Here’s an example of a Java program that finds the maximum subarray length with a given product:
import java.util.HashMap;
public class MaximumSubarrayLength {
public static int findMaxSubarrayLength(int[] nums, int targetProduct) {
int maxLength = 0;
int product = 1;
HashMap<Integer, Integer> map = new HashMap<>();
map.put(1, -1); // Initial product is 1 at index -1
for (int i = 0; i < nums.length; i++) {
product *= nums[i];
if (map.containsKey(product / targetProduct)) {
int length = i - map.get(product / targetProduct);
maxLength = Math.max(maxLength, length);
}
if (!map.containsKey(product)) {
map.put(product, i);
}
}
return maxLength;
}
public static void main(String[] args) {
int[] nums = {1, 2, 3, 4, 5};
int targetProduct = 20;
int maxLength = findMaxSubarrayLength(nums, targetProduct);
System.out.println("Maximum subarray length with target product " + targetProduct + ": " + maxLength);
}
}
In this program, the `findMaxSubarrayLength` method takes an array of integers (`nums`) and a target product (`targetProduct`) as input. It uses a sliding window approach along with a HashMap to keep track of the product and its corresponding index. The program iterates over the array, calculating the cumulative product at each step.

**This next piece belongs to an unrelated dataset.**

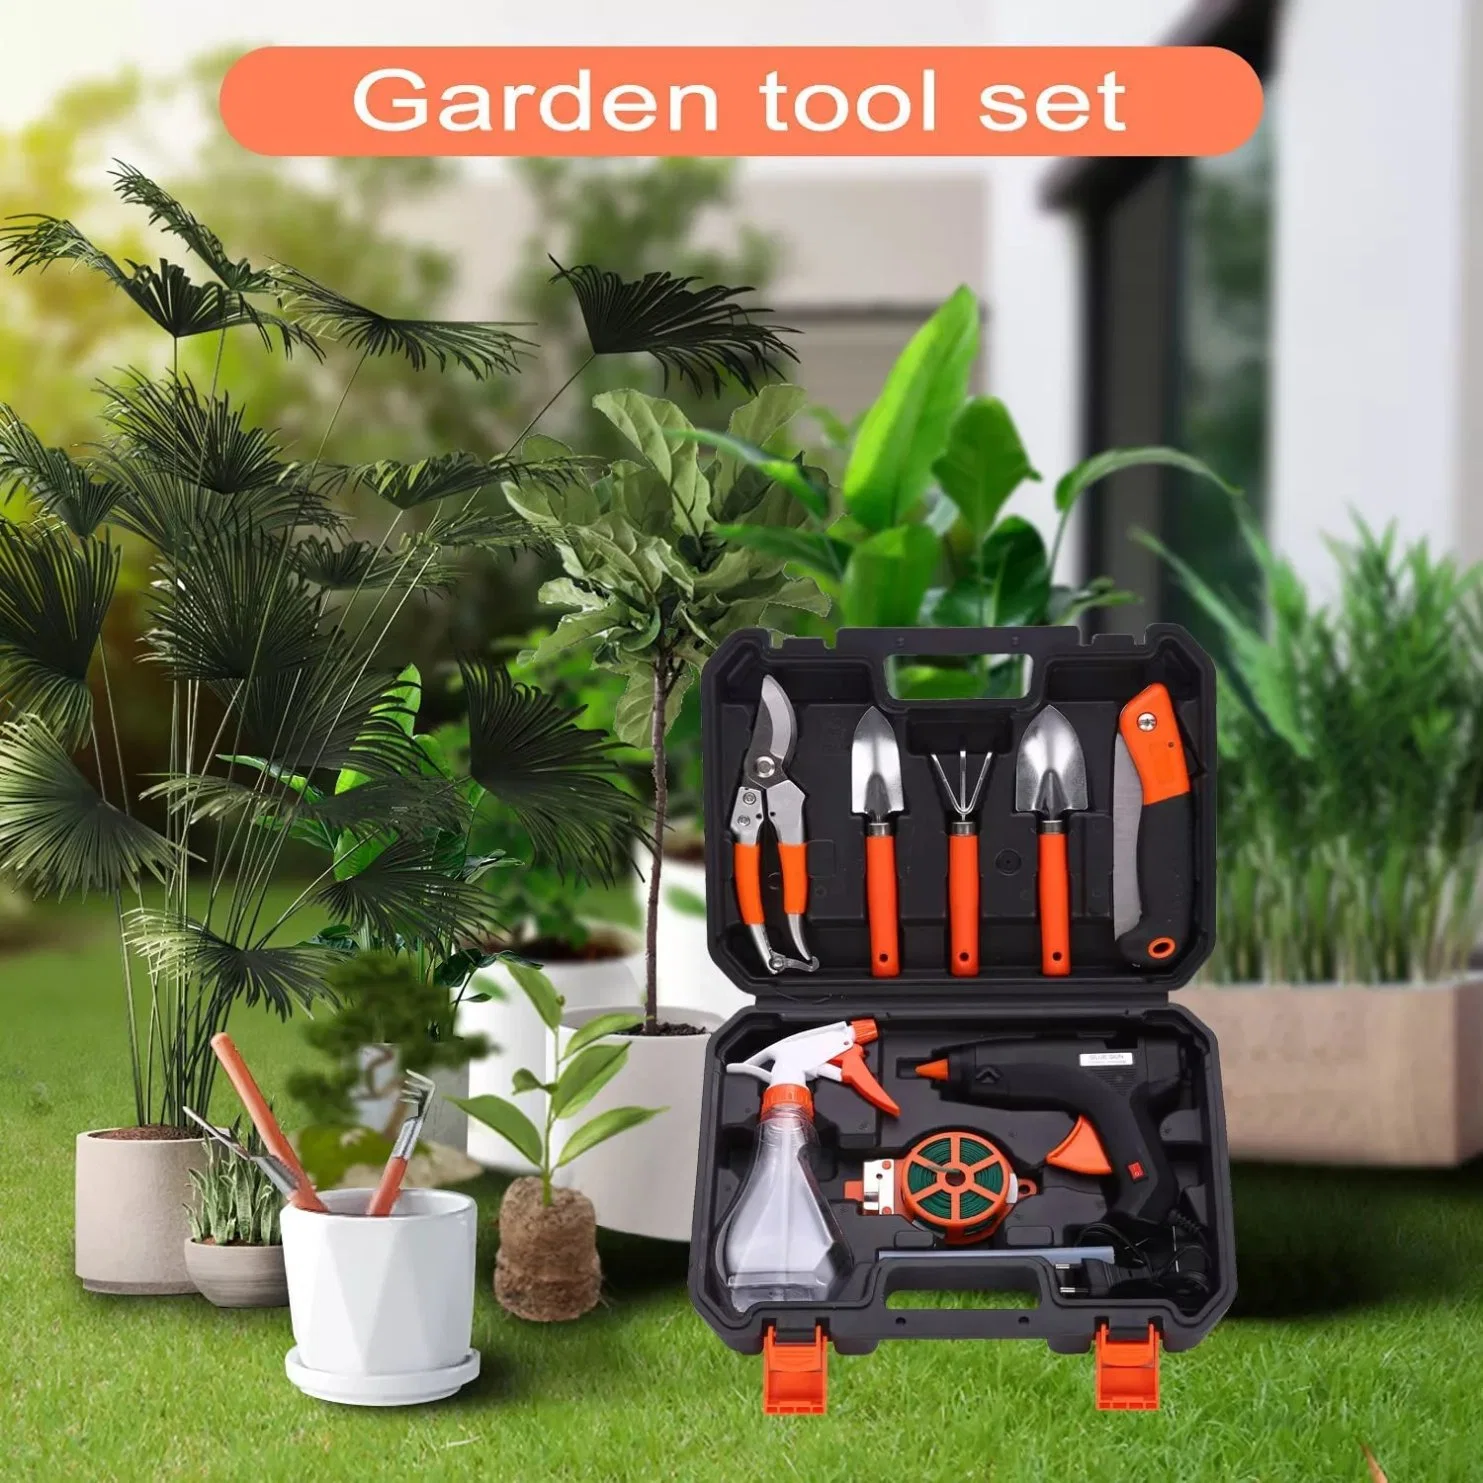 10 PCS Hot Sale Orange Mini Garden Hand Tools Professional and Portable Electric Gardening Tool Set with Carrying Case

If the product divided by the target product is present in the HashMap, it means we have found a subarray with the desired product. The length of this subarray is calculated and compared with the maxLength to update the maximum length encountered so far.
The HashMap is used to store the product and its index. This allows us to quickly check if a product has been encountered before and find the starting index of the subarray with the desired product.
Finally, the `main` method demonstrates how to use the `findMaxSubarrayLength` method with a sample input array and target product. The result is then printed to the console.